* RECORDED DATA:

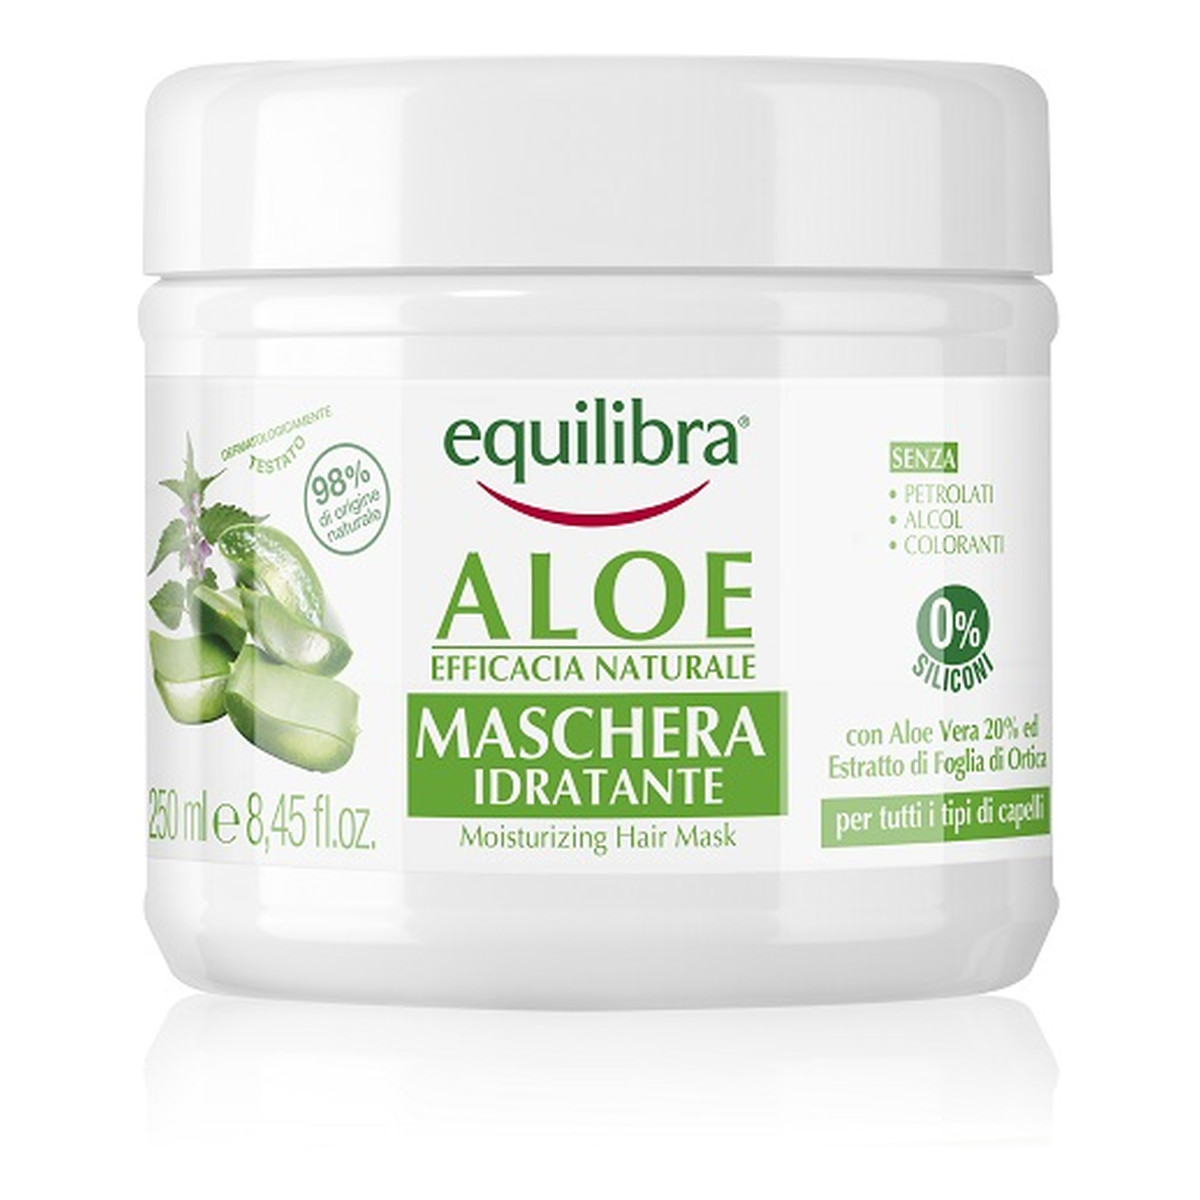 Equilibra Aloe moisturizing hair mask nawilżająca maska aloesowa do włosów 250ml
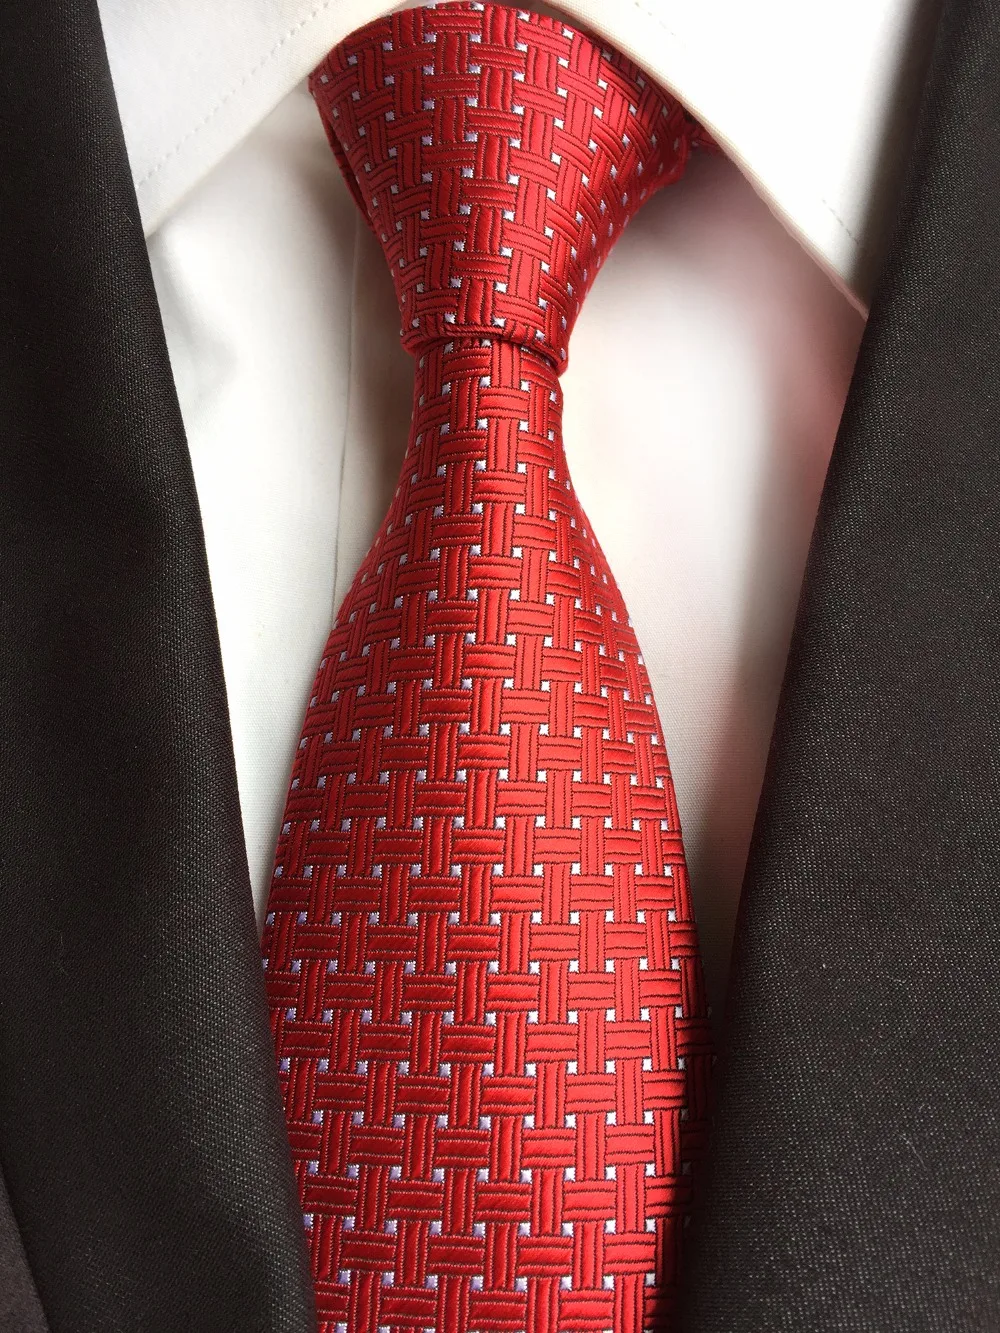 Галстуки мужские красные. Красный галстук. Галстук красный мужской. Коассный галстук. Галстук красный мужской с узором.
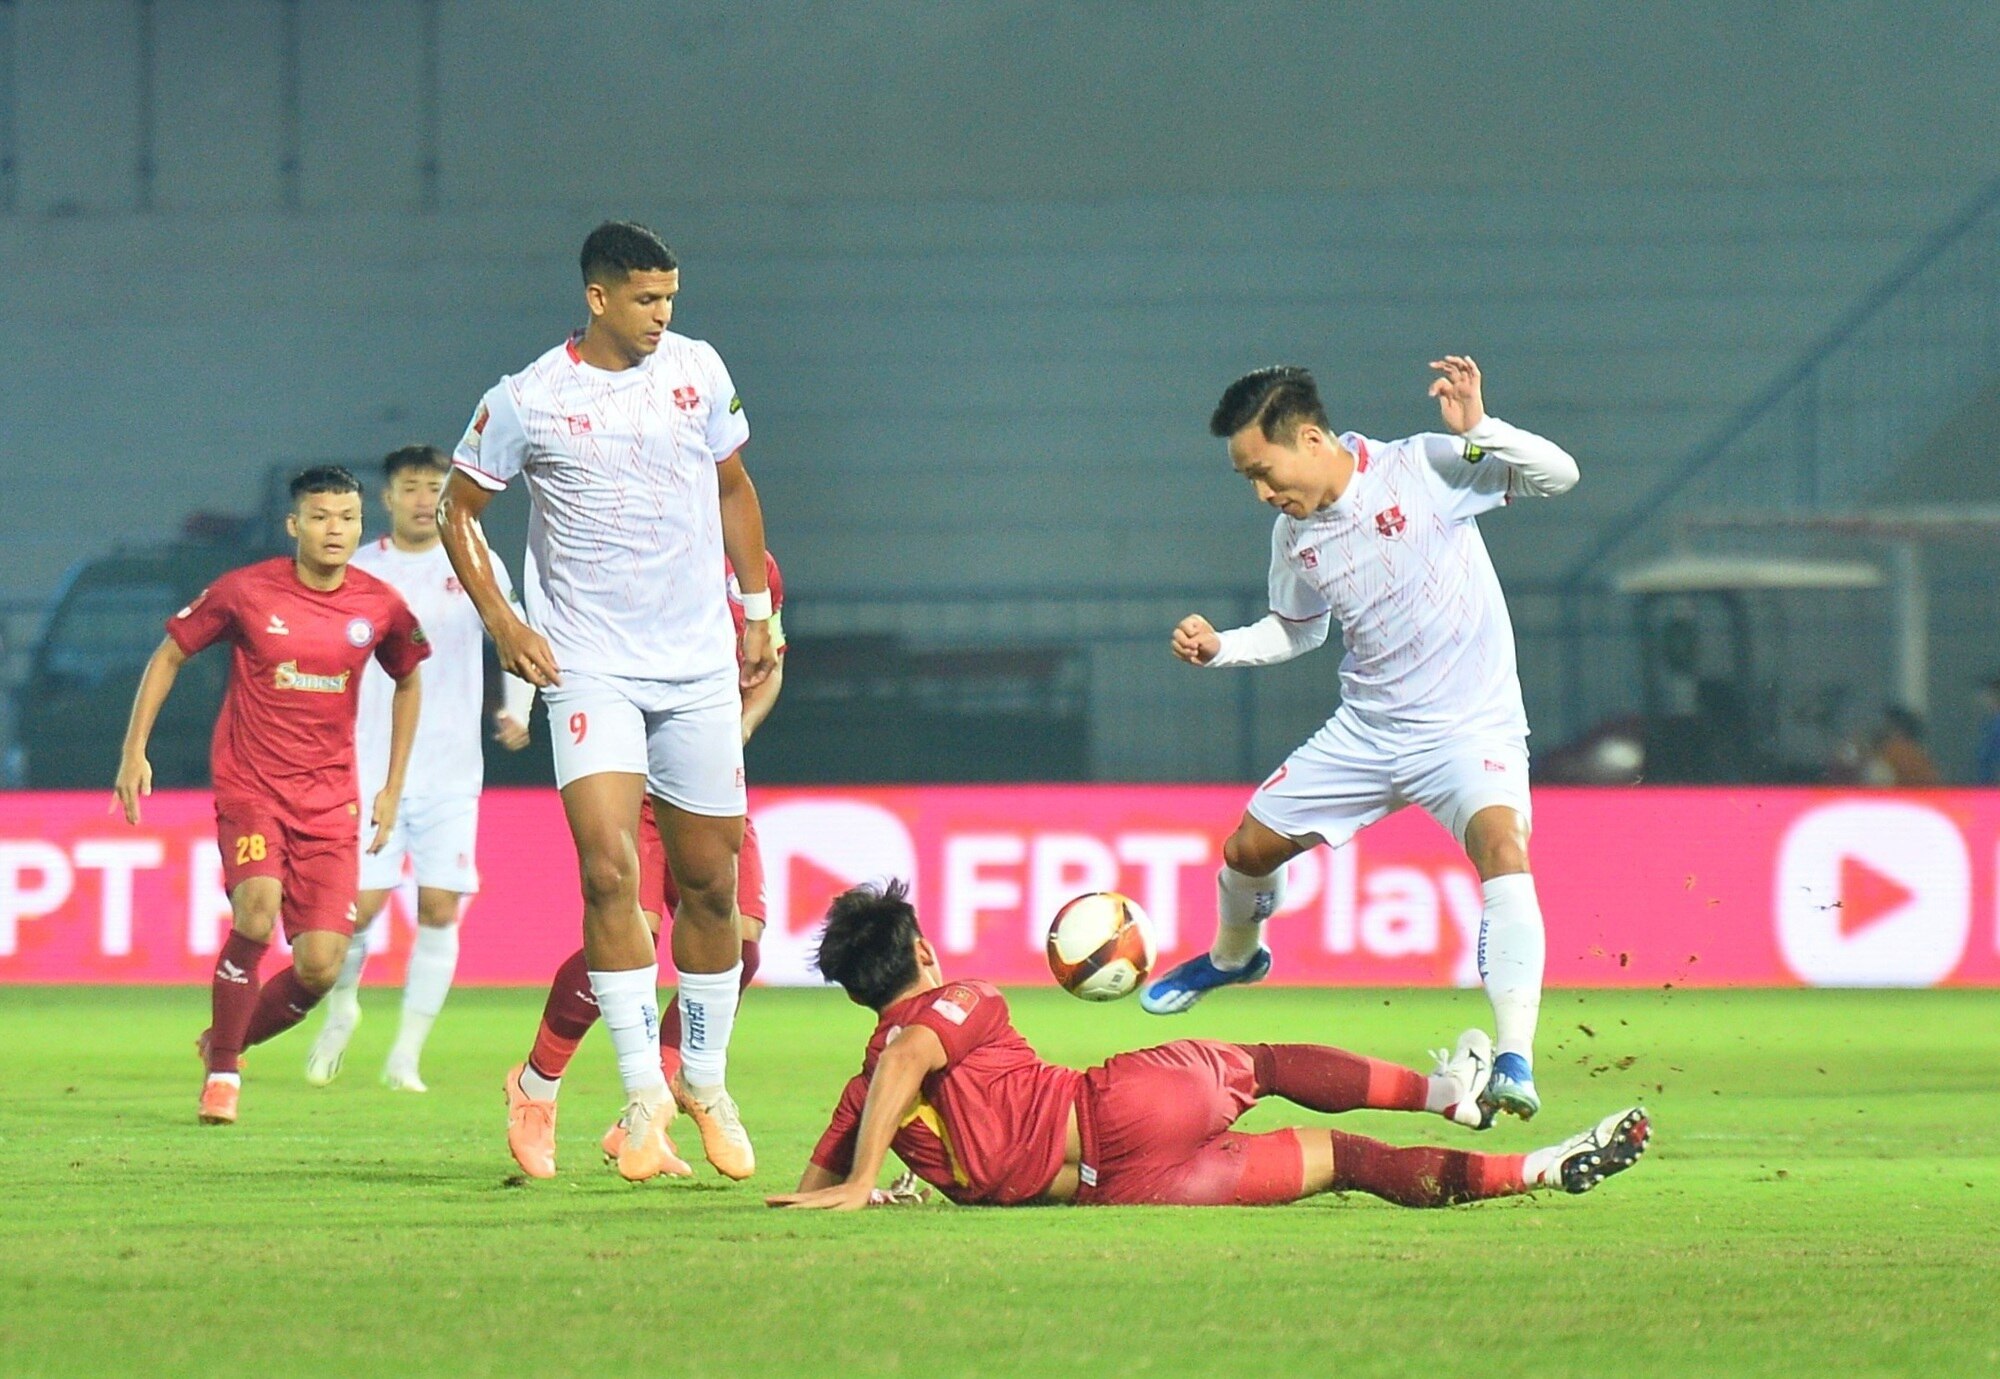 V-League: CLB Khánh Hòa chơi hay, đội Hải Phòng ngược dòng ấn tượng để vào tốp 4 - Ảnh 1.

* WHAT IS REQUIRED: The lines above must be transcribed exactly, with every picture left out.

* OUTPUT BELOW:
 Equilibra Aloe moisturizing hair mask nawilżająca maska aloesowa do włosów 250ml
 Галстуки мужские красные. Красный галстук. Галстук красный мужской. Коассный галстук. Галстук красный мужской с узором.
 V-League: CLB Khánh Hòa chơi hay, đội Hải Phòng ngược dòng ấn tượng để vào tốp 4 - Ảnh 1.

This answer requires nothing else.